The title may be a bit misleading. The truth is I've no idea which component is really in ICU. It could be the CPU, the motherboard or maybe just the cooling fan. My computer mentor, Tuan Ali, and I were too scared to troubleshoot, lest we short out the entire PC. Let the mystery remain and our pockets undisturbed. For the moment.

Tuan Ali was generous enough to lend me his spare motherboard (or if you prefer, the mobo) and most of the component on it. Now I've nearly I gig of RAM and faster processor. I feel like Schumacher right now.

Also, I would like to extend a round of deserving thanks to my long time chum Zha for helping me by loaning his Netbook when I really needed a Windows machine to do some analysis work. MnM, another long time chum, a really tall dude with really big heart, for offering his monitor when mine finally decided to 'retire' after 7 years of faithful service. And of course Tuan Ali, for making me feel like I'm on the Ferrari F1 team. May Allah repay your kindness.

Tuesday, 6 April 2010

CPU in ICU 2

Every time my PC goes kaput, I learn new things.

The first time it happened, I learned the importance of having backups.

The second time taught me that backups shouldn't be on the same hard disk even if there are on separate partitions because if the whole hard disk goes, then the backup goes too.

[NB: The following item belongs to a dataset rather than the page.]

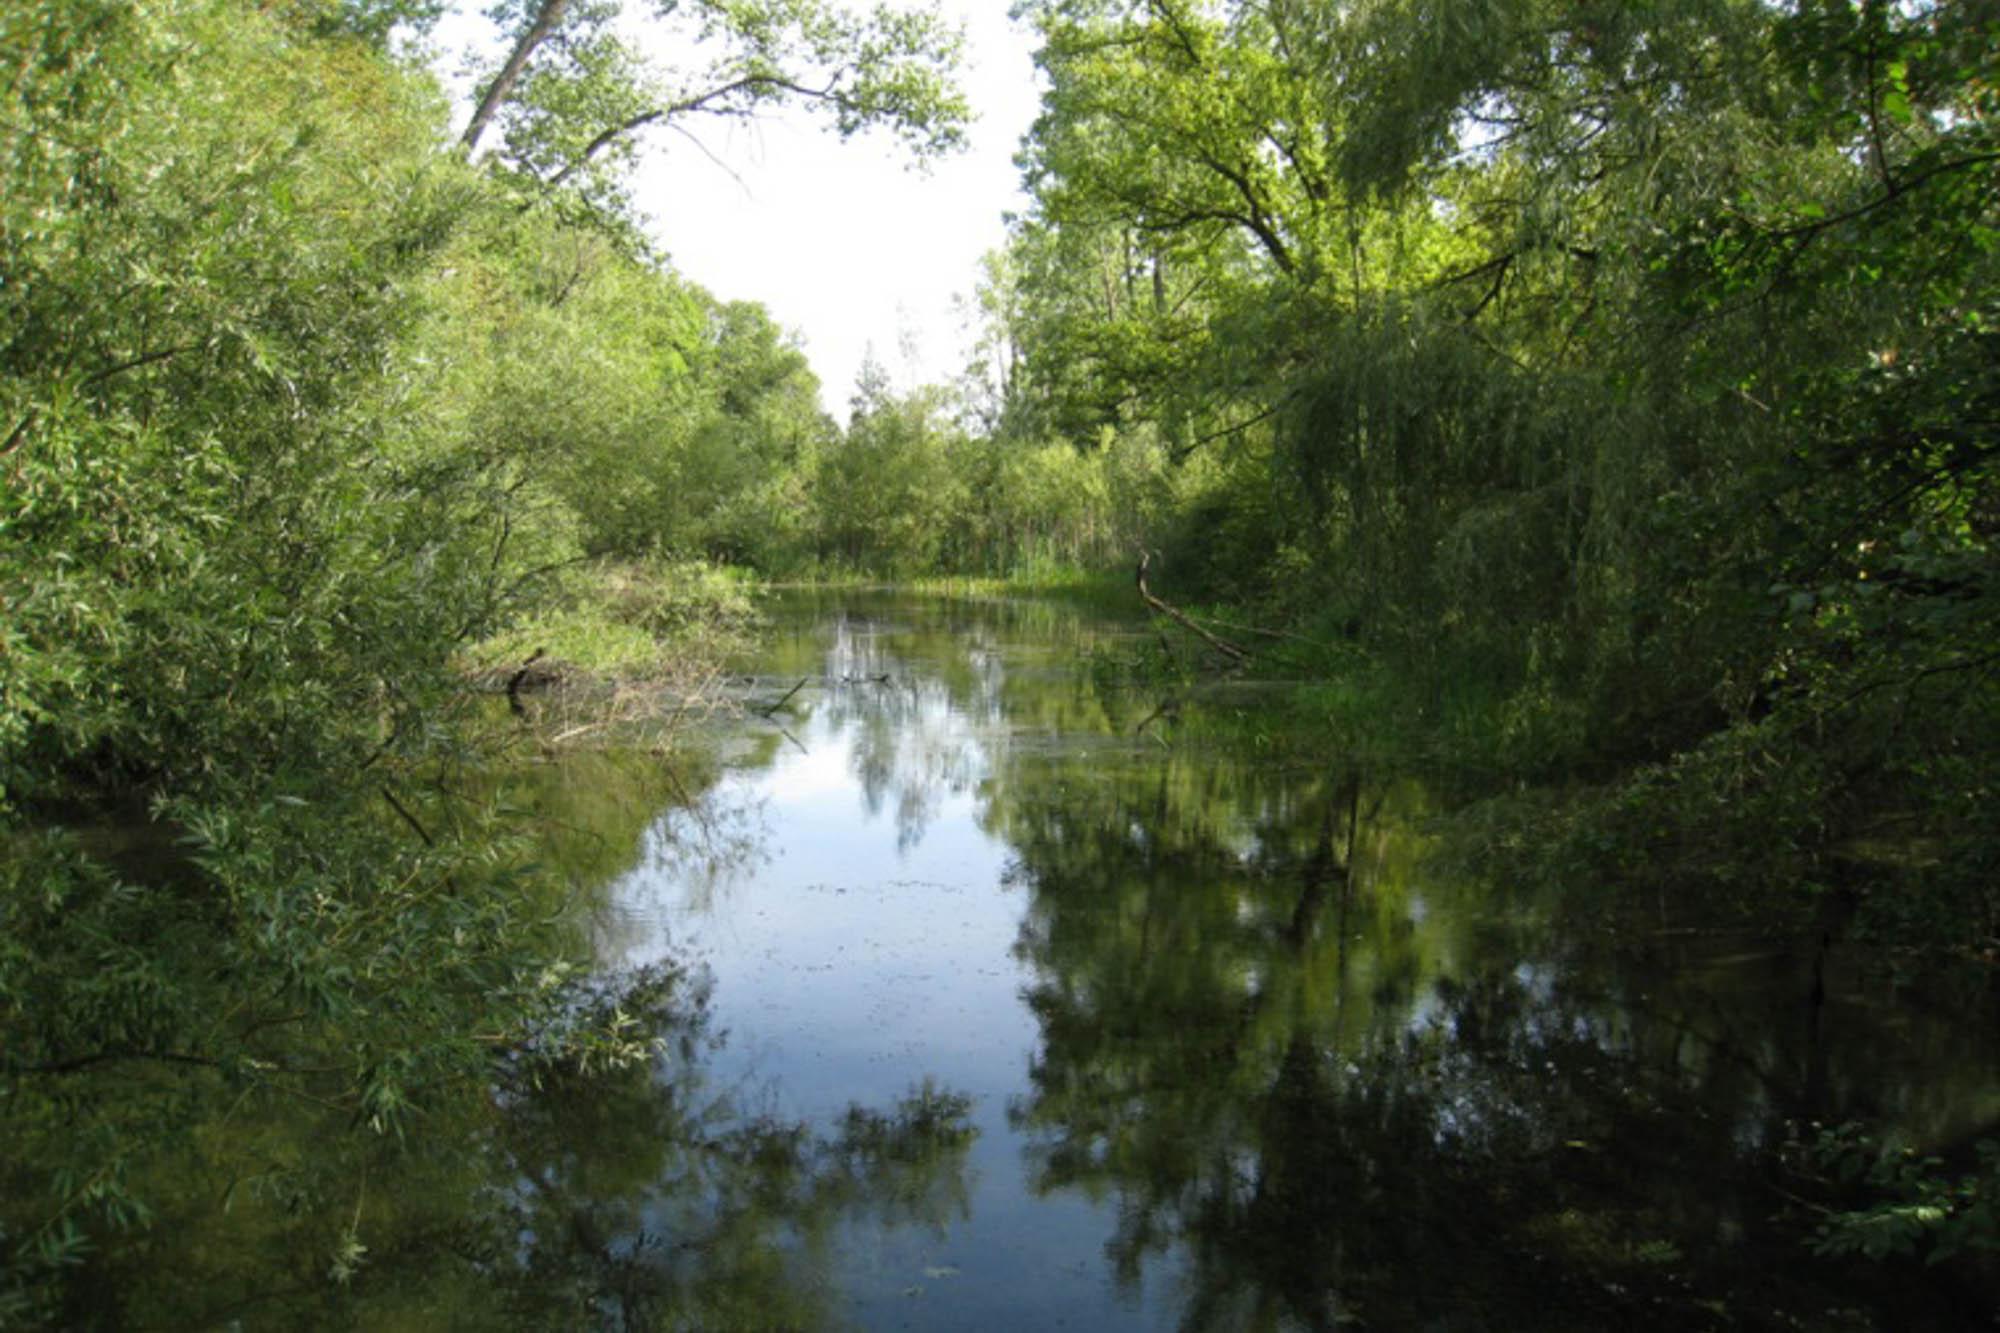 Biotop bei Taubergießen nähe Europapark

This time I'm being enlighten on the virtues of having a dual-boot PC, which means I have both Windows and Linux installed. If one fails, the other can take over. Right now, my Windows XP has been unresponsive but thank God Ubuntu can read files in XP partitions. I can't use some of the Windows program but I'm still can do my work with Openoffice and surf the Net with Firefox. I can also play most of my media files, except one recording that's in Real Media video format.

Ubuntu has been a live saver. From I've been through, I strongly recommend that everyone should consider having Linux installed as a second operating system if there's space available. Some claim that Mint Linux more friendly for immigrants from Windowsland, but I can't really comment because I haven't tried it.

Please be careful, though. Installation of additional operating systems should only be done after Windows has been freshly installed or reinstalled, and all important files have been safely backed up. Remember, safely backed up. Learn from my mistakes, people.

Saturday, 3 April 2010


Will be taking a break from online activities for a while since my PC is in coma. No clear idea of the cause. Wrote this using my friend Zha's HP netbook. Thanks, bro, for the help and for letting me try out a Netbook for the first time.